This is just what my friend was advising, and this is the advise that sent me into my downward spiral as it changed my plan! Ahhh, the confusion!! : )

Thanks for the perspective.


----------



## BigJoe16 (Feb 20, 2012)

You sound like you made up your mind but you could buy a used TS and chop saw to save money. Then after using them for a while, decide what one is more valuable to you, and buy a nice new one that will last a lifetime. Then you know you made the best decision based on your circumstances and requirements.


----------



## woodnthings (Jan 24, 2009)

*RAS "climb"*

Since the saw enters the work from above and is pulled in from the back of the table, proper technique, you must use a proper blade.

The blade should have a zero or negative hook to the teeth, rather than a positive hook which tends to feed aggressively and "climb" back toward you.

Modern blades have the proper hook angle, where back in the day it was not widely understood about climbing. We just dealt with it by holding back on the saw handle.
So fear not with today's blades. :no: bill

BTW good choice on the Saw Stop.


----------



## ericc22 (May 10, 2012)

BigJoe16 said:


> You sound like you made up your mind but you could buy a used TS and chop saw to save money. Then after using them for a while, decide what one is more valuable to you, and buy a nice new one that will last a lifetime. Then you know you made the best decision based on your circumstances and requirements.


My mind is definitely not made up! Wish it was so I could get to sleep.

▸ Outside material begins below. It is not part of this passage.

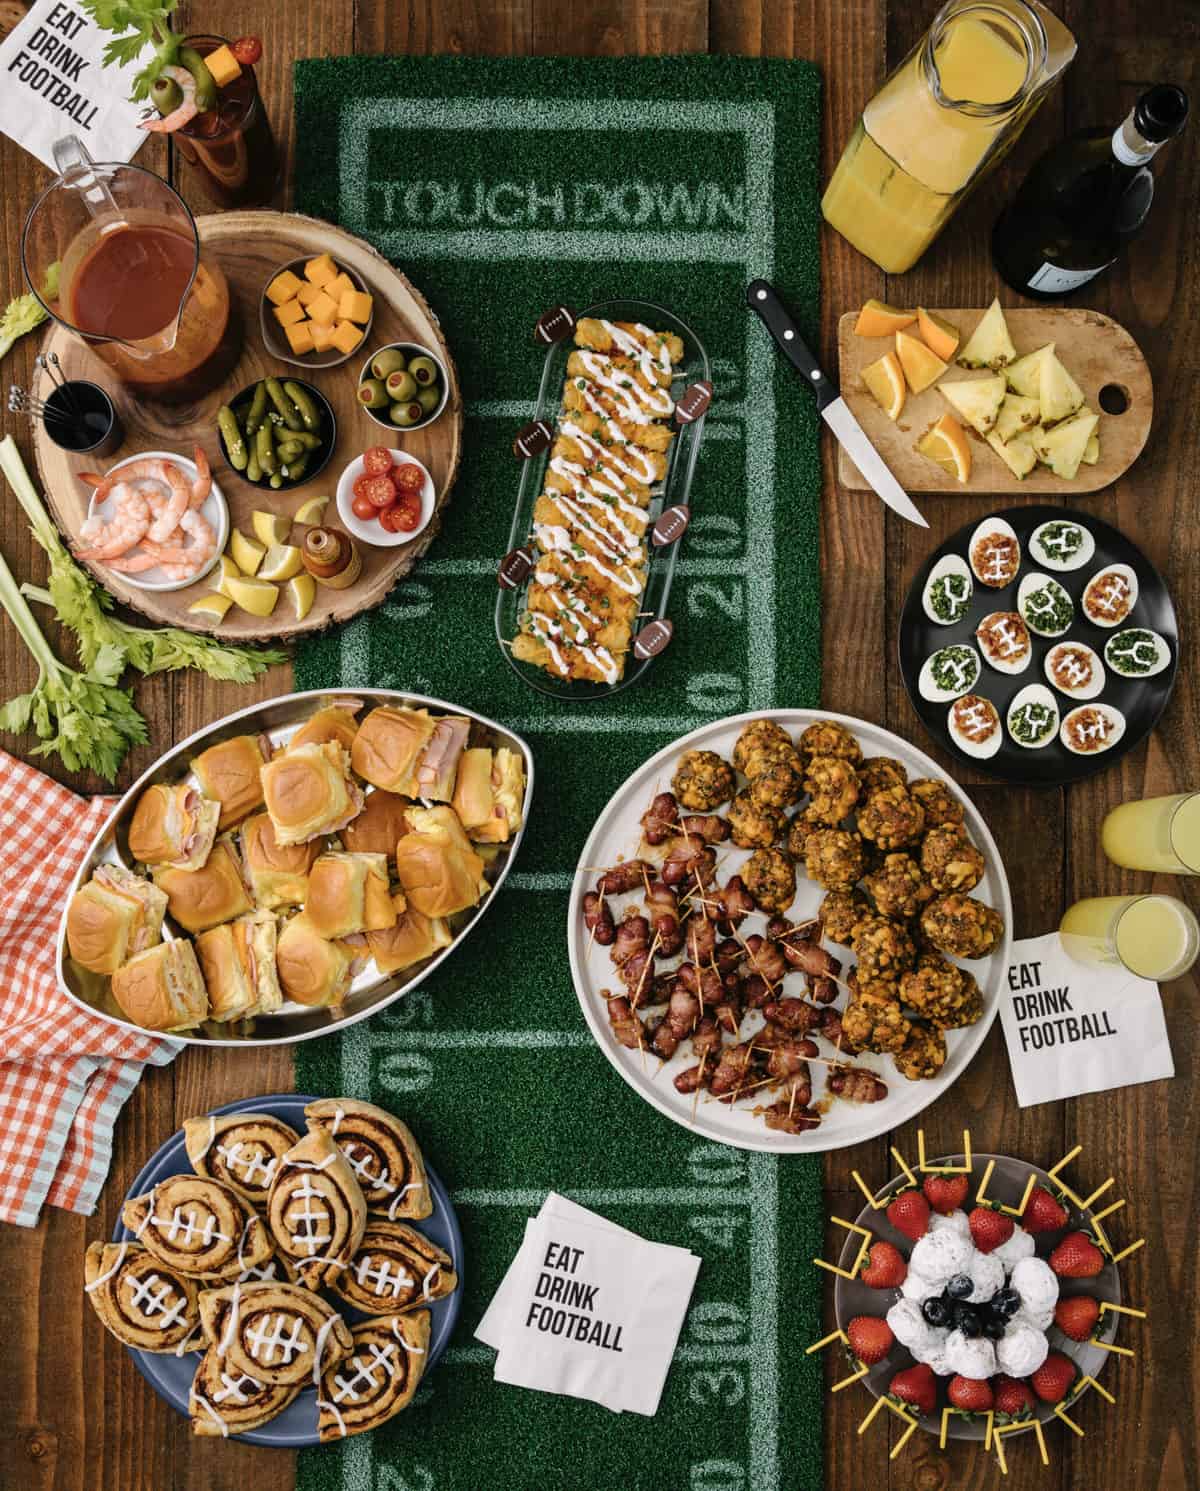 Tailgate Brunch Spread by The BakerMama

You guys are keeping me too entertained though to go to bed! Great stuff.

I am reading about RAS. Also wondering if I should just borrow my friend's chop saw for the picnic table and decide afterwards. But that's no fun.... 

Thanks!


----------



## GeorgeC (Jul 30, 2008)

You are eventually going to need/want both a table saw and a crosscut saw.

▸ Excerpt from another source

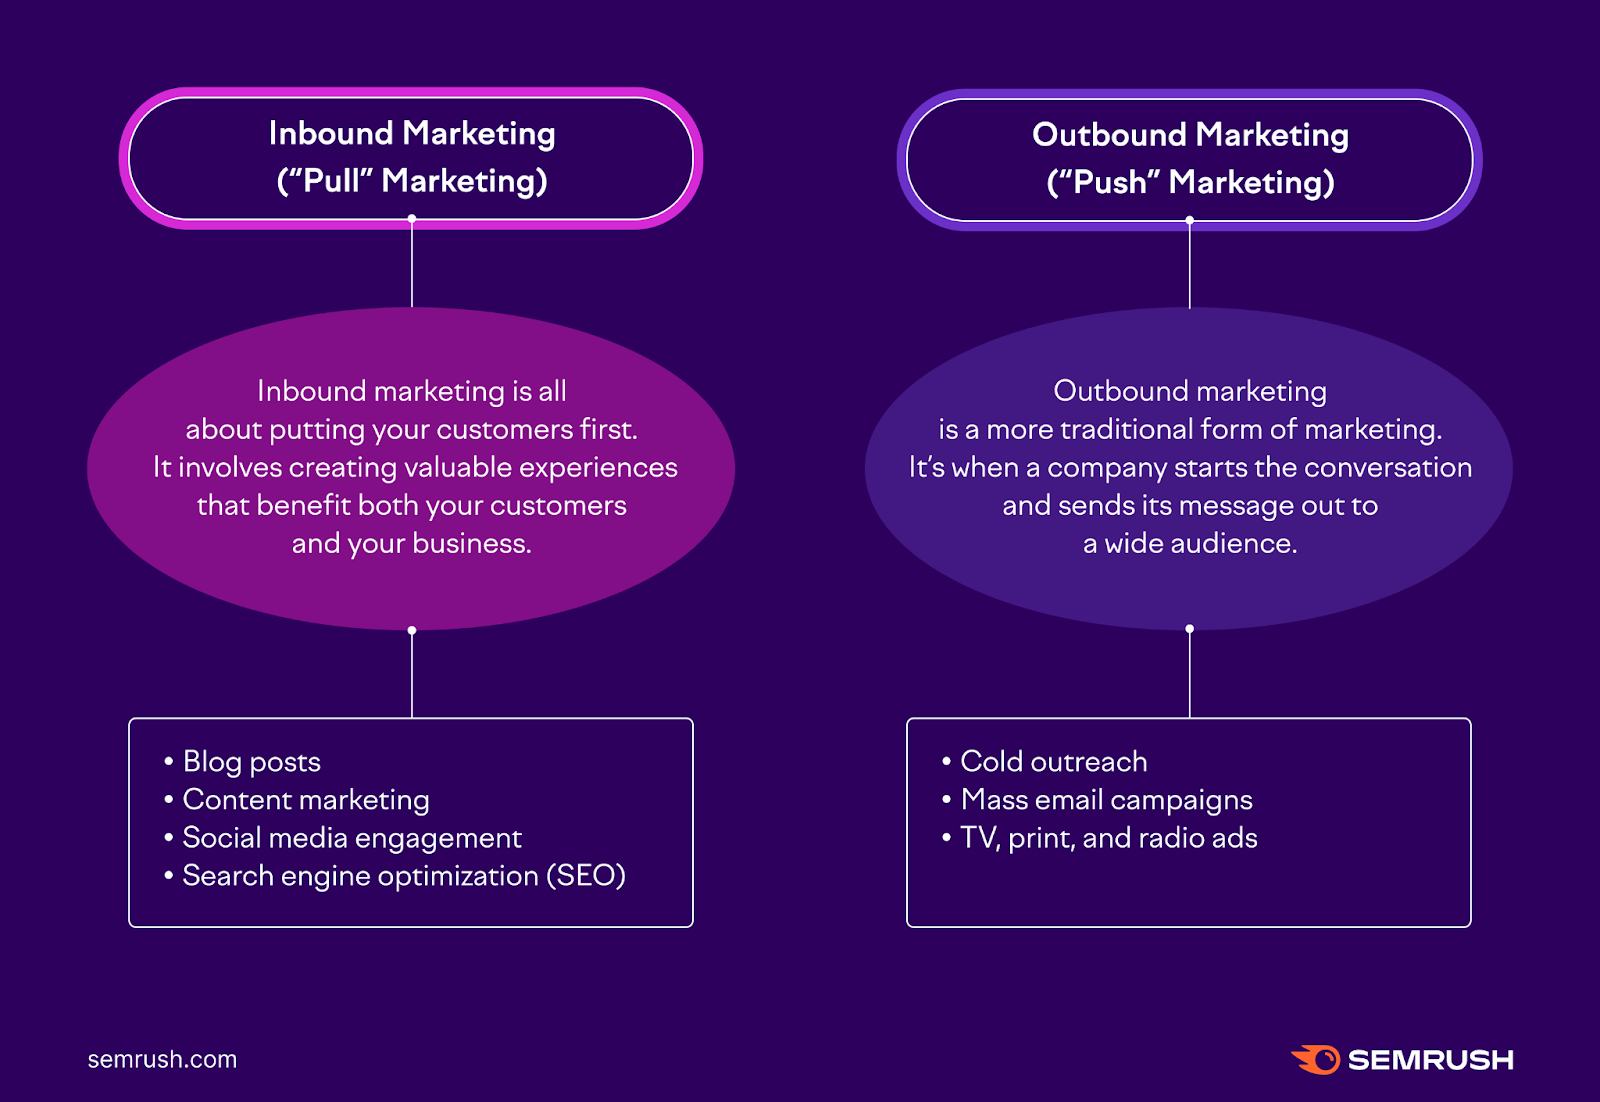 A visual compering inbound marketing and outbound marketing definitions, and tactics

The discussions that favor the sliding compound miter saw (SCMS) are focused on crosscutting long, large boards. Is cutting this type of board something that you are going to do a lot? Think ahead to your projects. If you are going to be crosscutting smaller boards then the Table Saw (TS) is certainly more than adequate for the job. Especially with a sled.

When you will be cutting long/large boards just how much accuracy is going to be required? Can you make a rough cut with a circular saw and then move to the TS? If you will not be cutting these boards a lot and extreme accuracy is not required then possible the circular saw may even suffice.

It certainly is convenient to have an SCMS even for smaller miter and cross cuts.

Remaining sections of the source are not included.